:: WHAT YOU HAVE TO DO ::
Write out exactly every line from the one containing "Mechanical Tri-Wheel Retention" through the final line of the material below, both included. Pictures are to be skipped.

:: AVAILABLE DATA ::

__________________________________________________

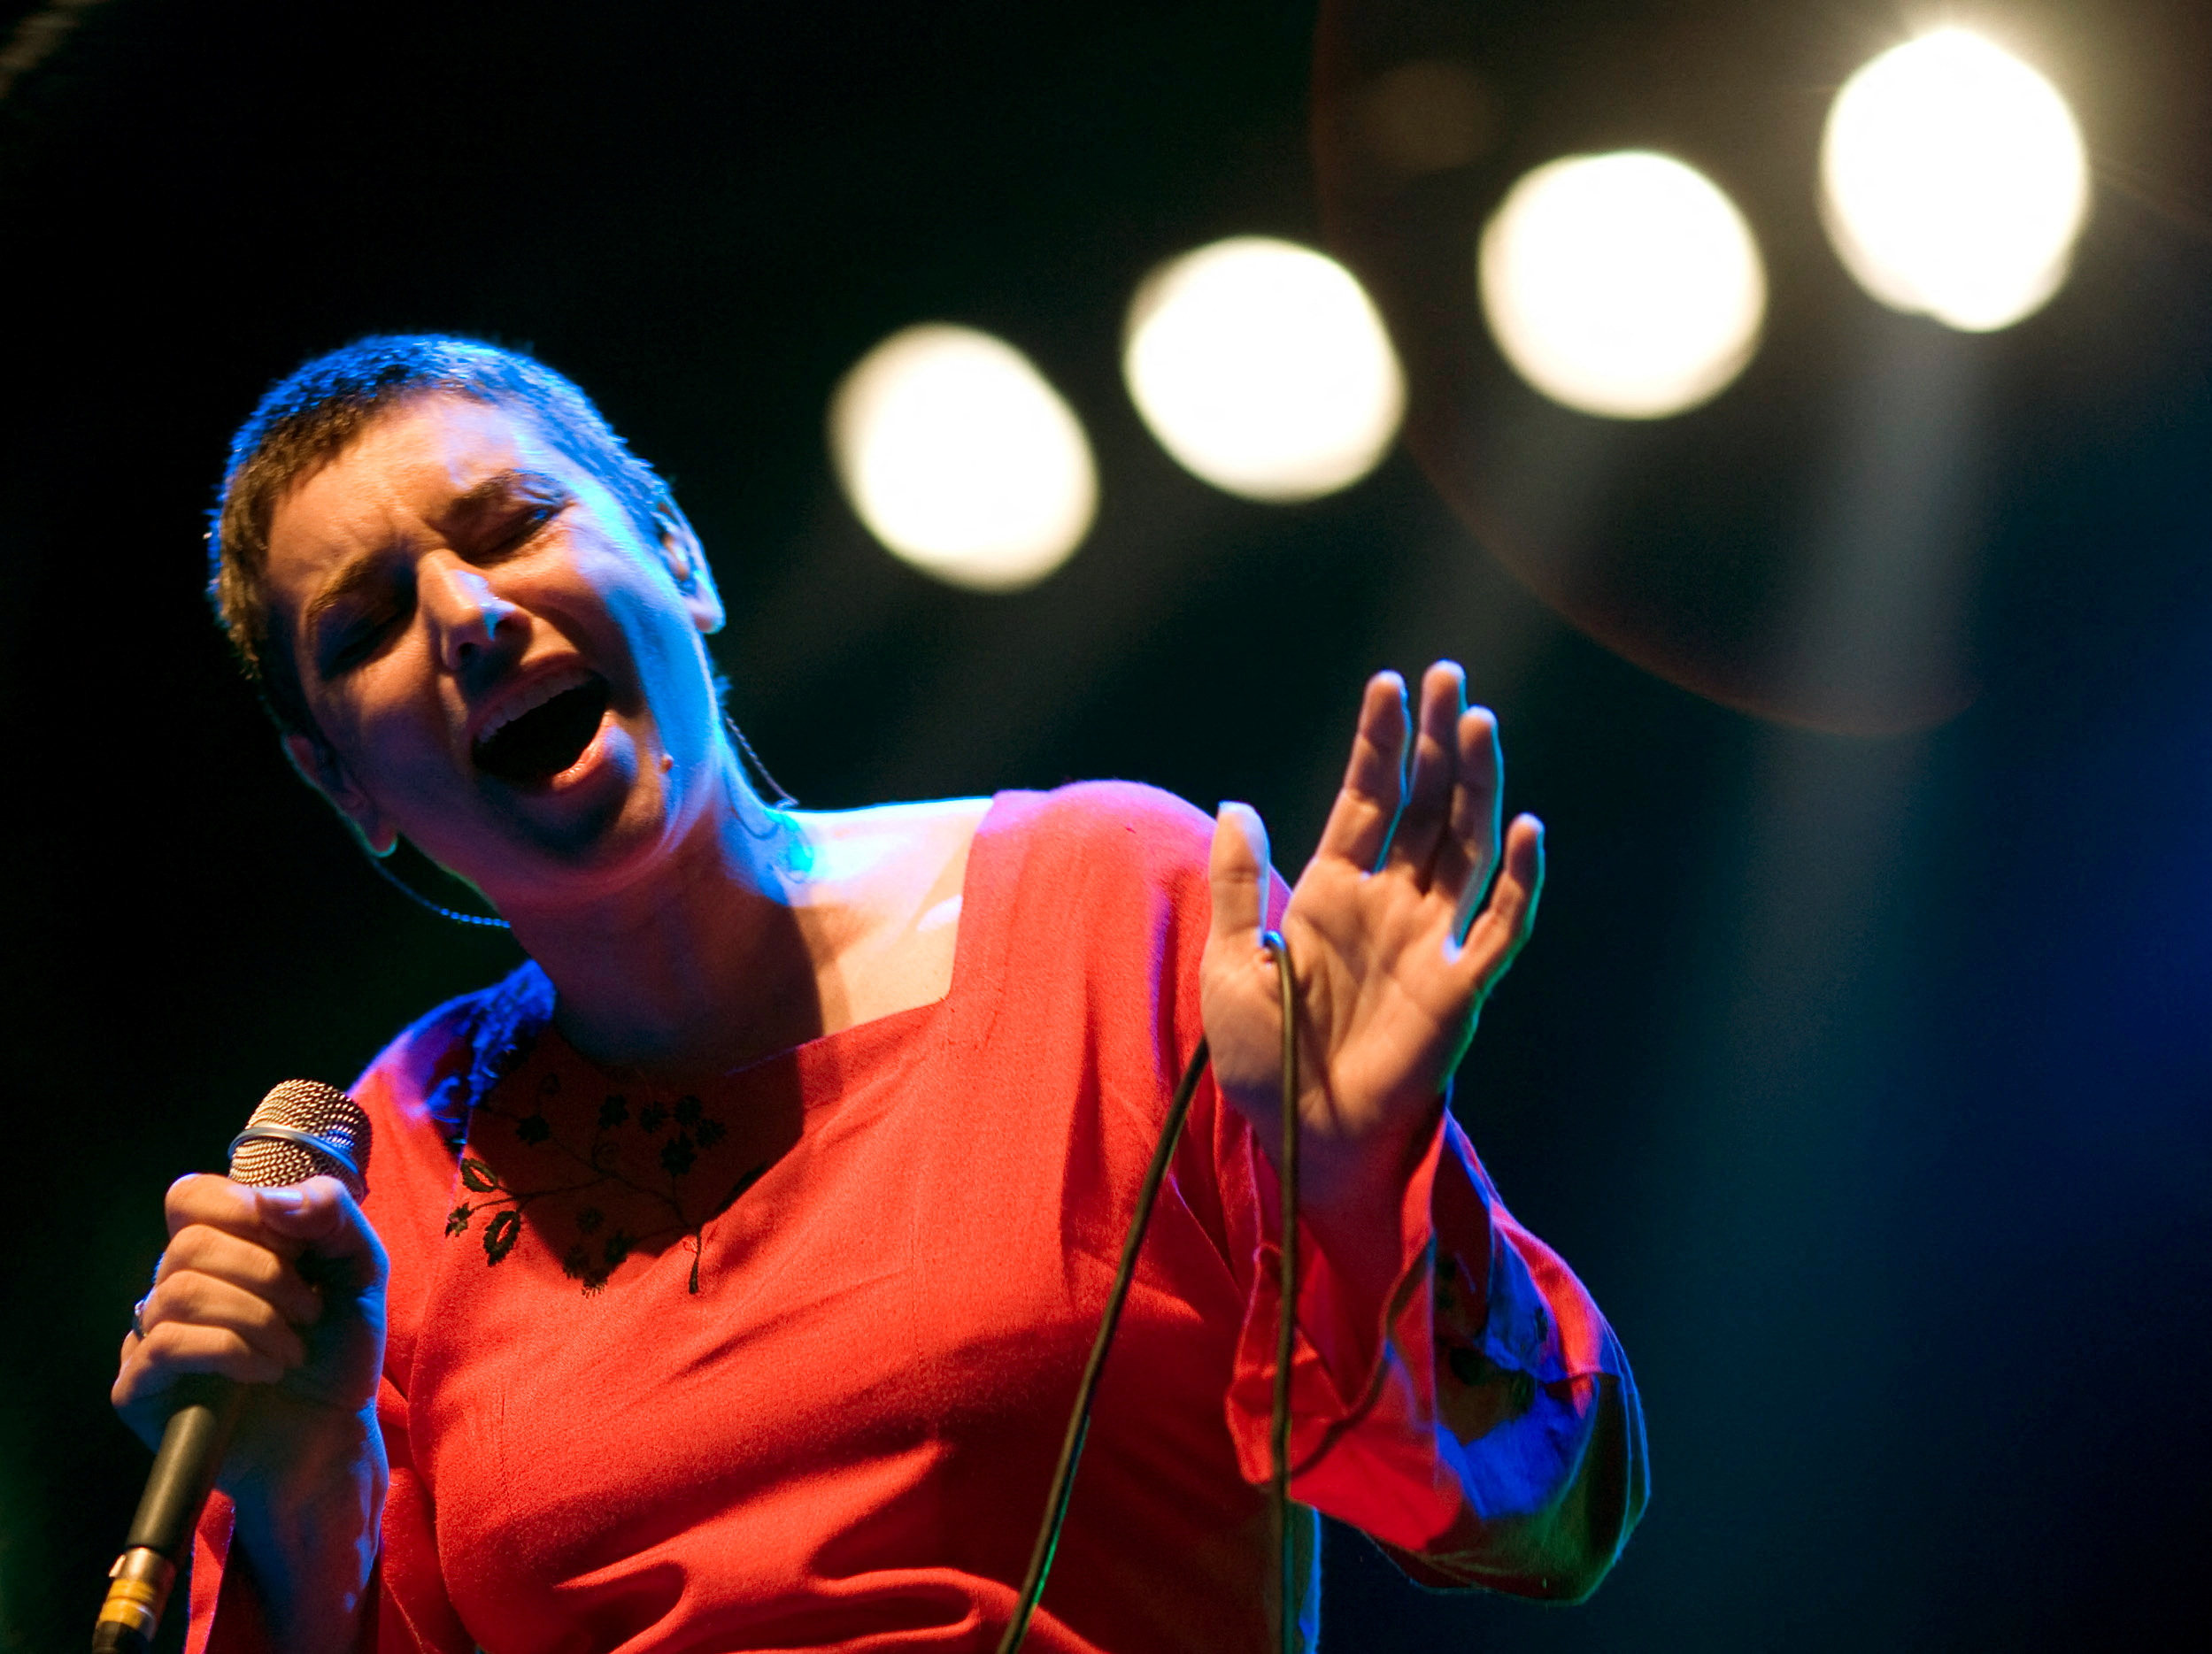 Irish singer Sinead O’Connor performing during the Masstival music festival in Istanbul in 2007. Photo: Reuters
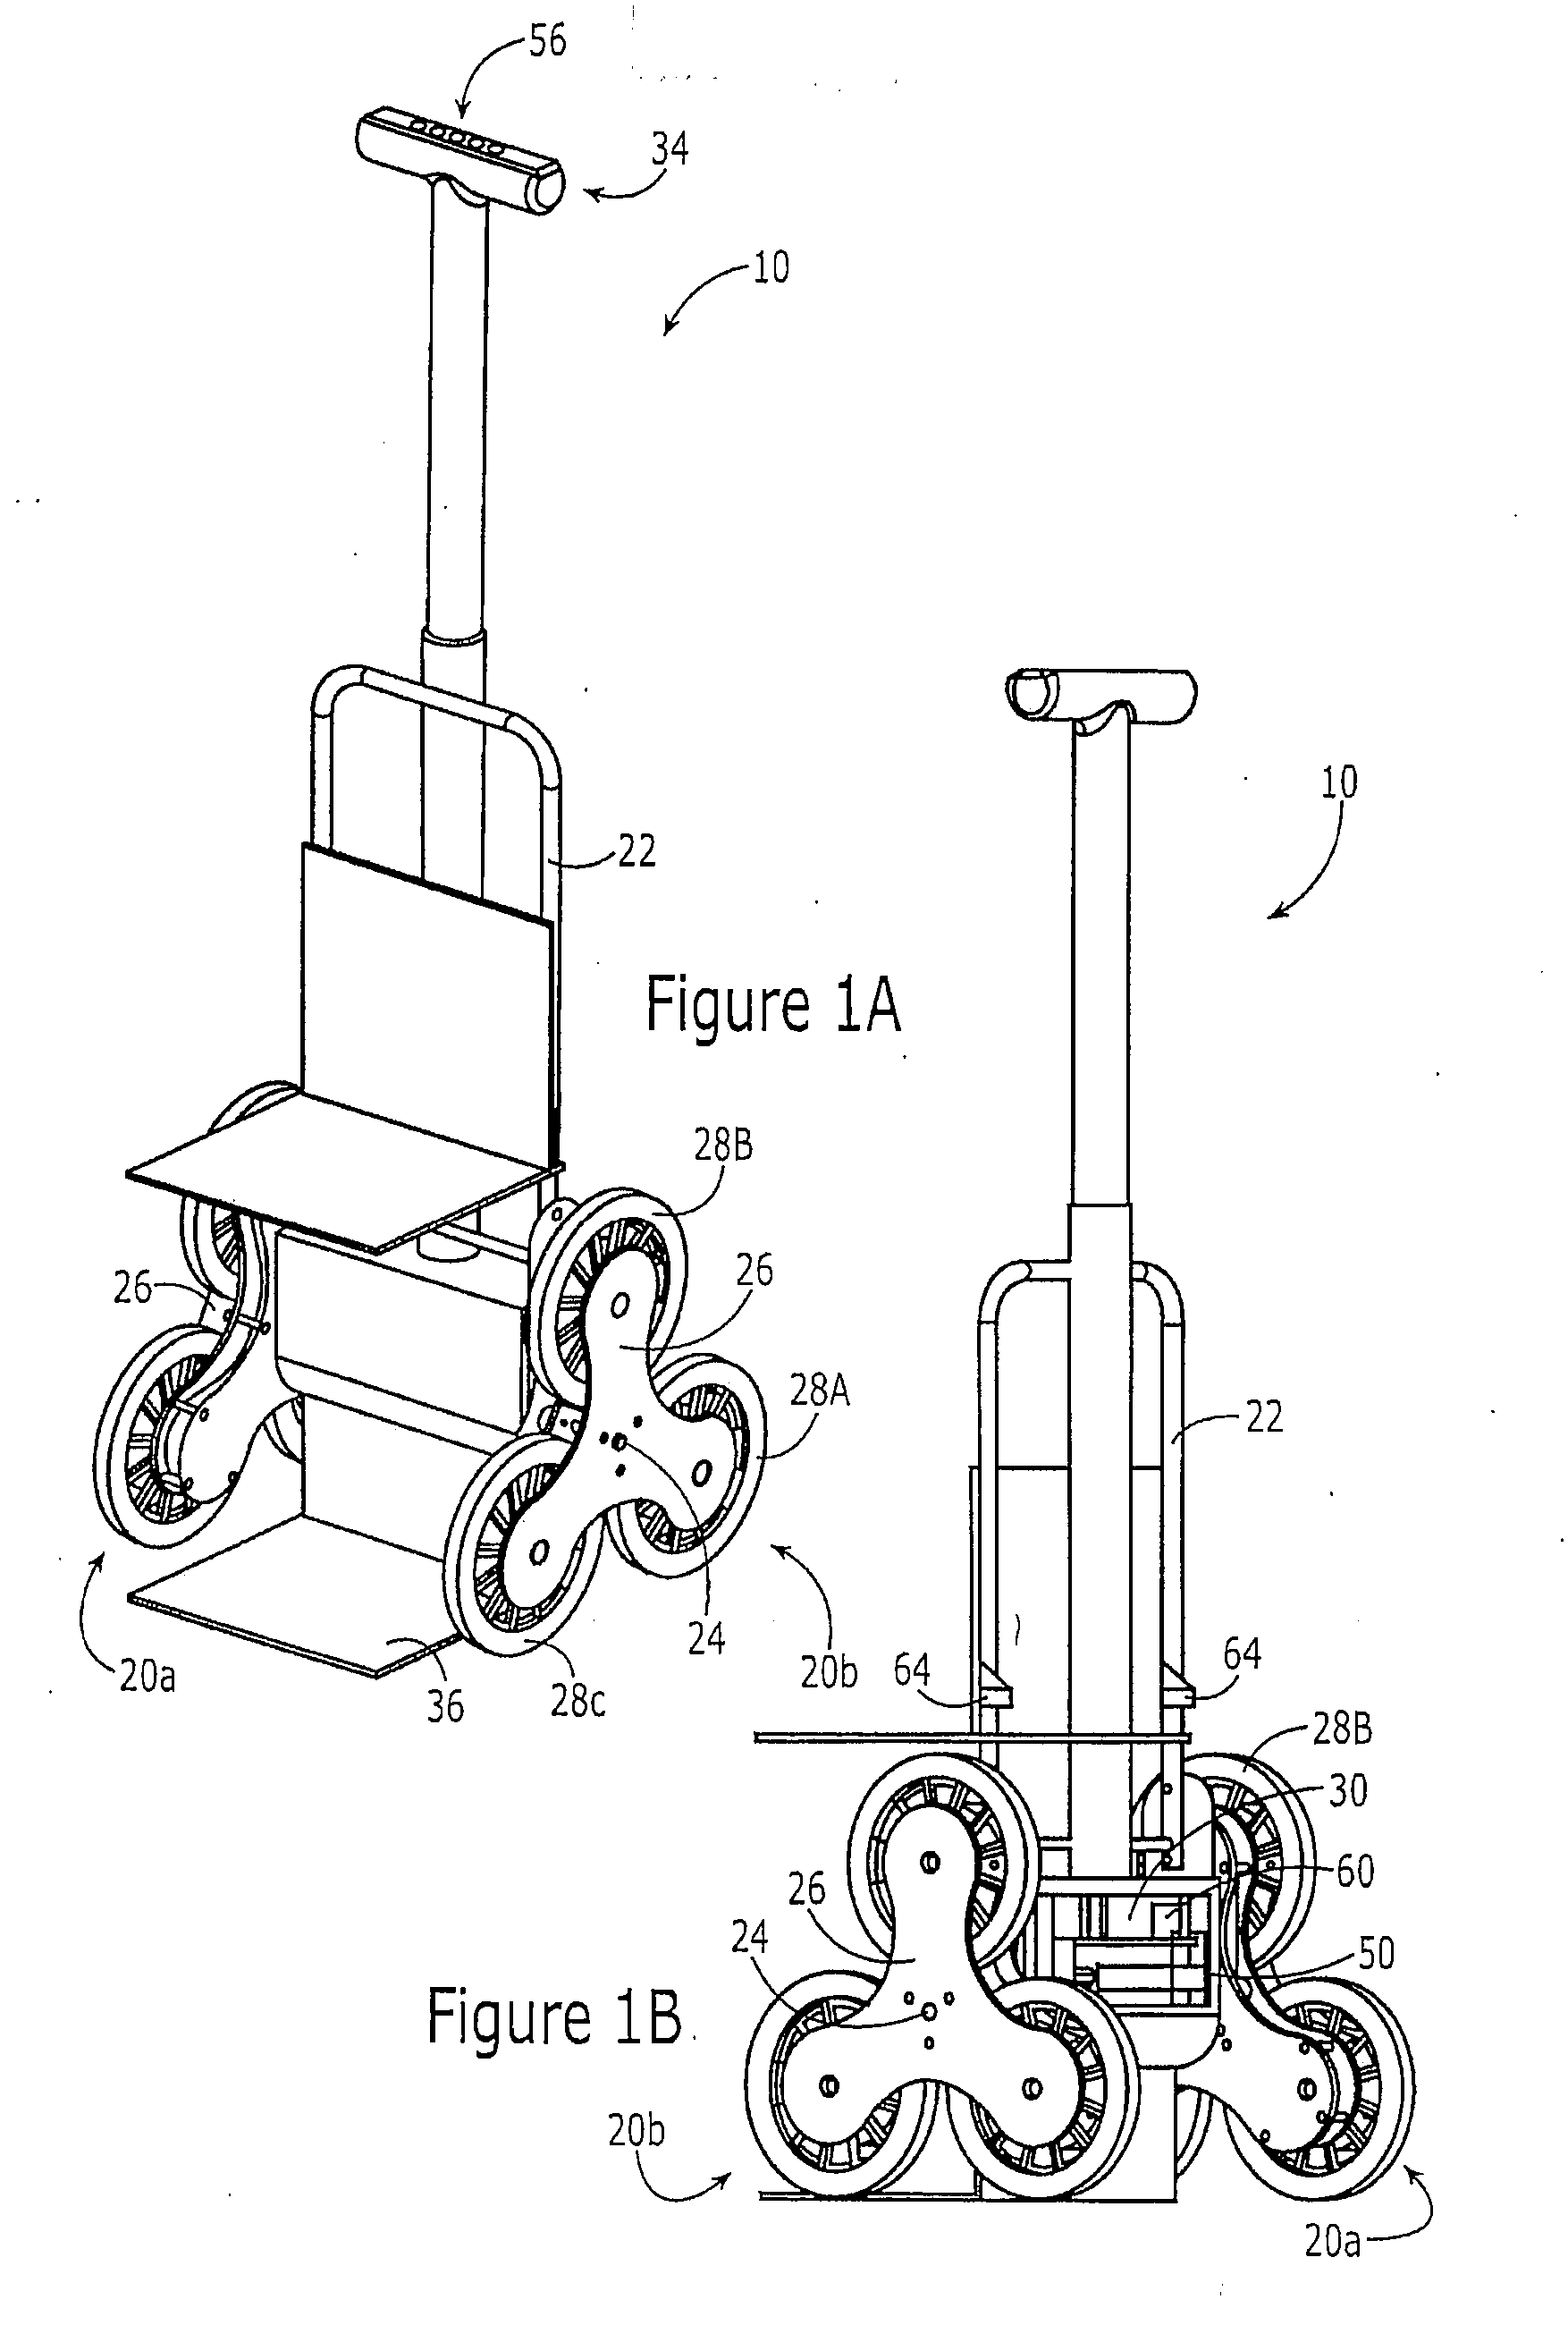 Mechanical Tri-Wheel Retention Assembly for Stair-Climbing Wheeled Vehicle
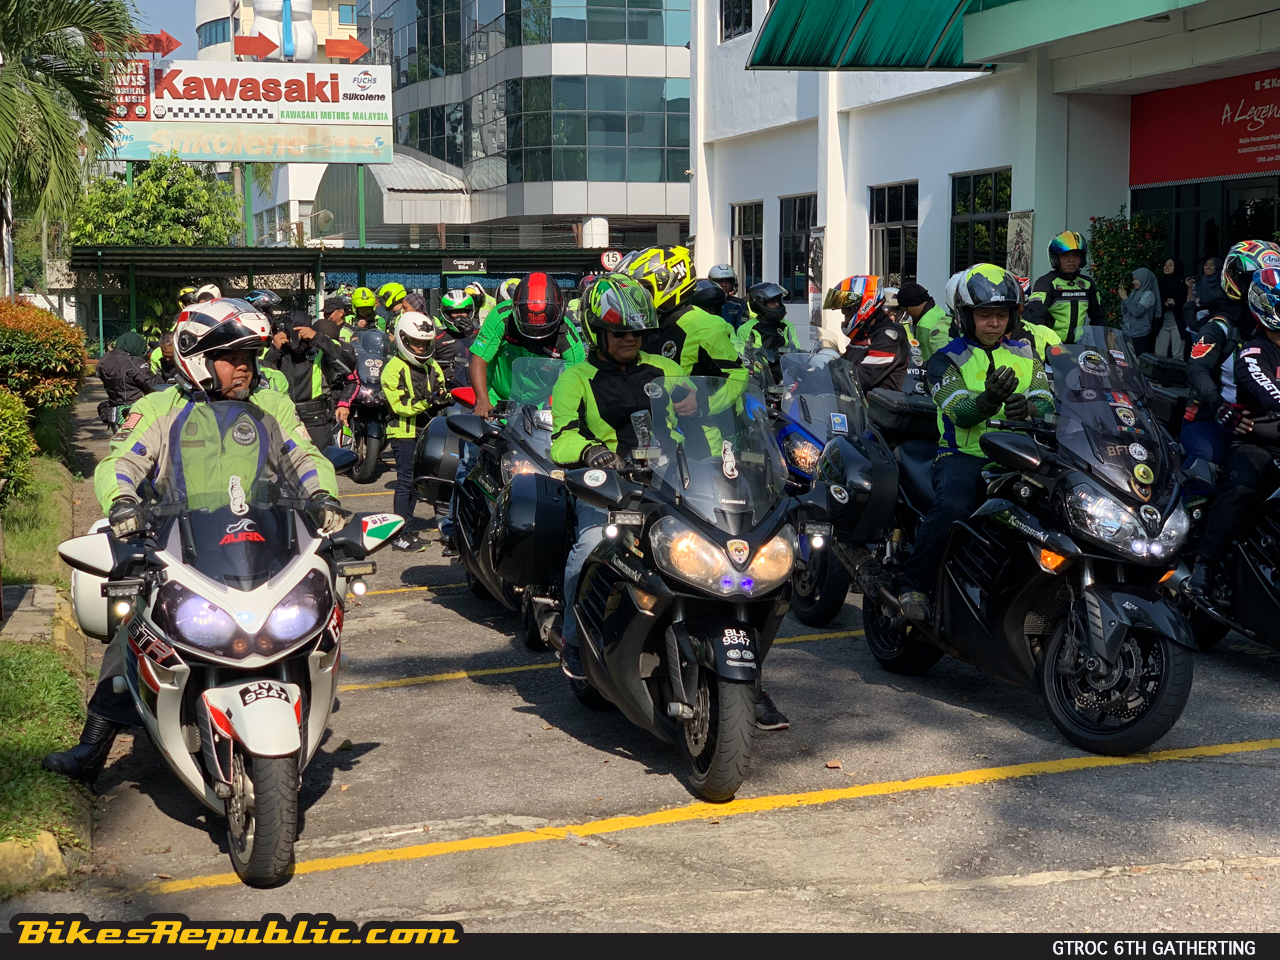 Kawasaki Owner Club (GTROC) 6th Gathering - Motorcycle Motorcycle from Malaysia, Asia and the world - BikesRepublic.com

__________________________________________________

:: YOUR RESPONSE ::
 Mechanical Tri-Wheel Retention Assembly for Stair-Climbing Wheeled Vehicle
 Kawasaki Owner Club (GTROC) 6th Gathering - Motorcycle Motorcycle from Malaysia, Asia and the world - BikesRepublic.com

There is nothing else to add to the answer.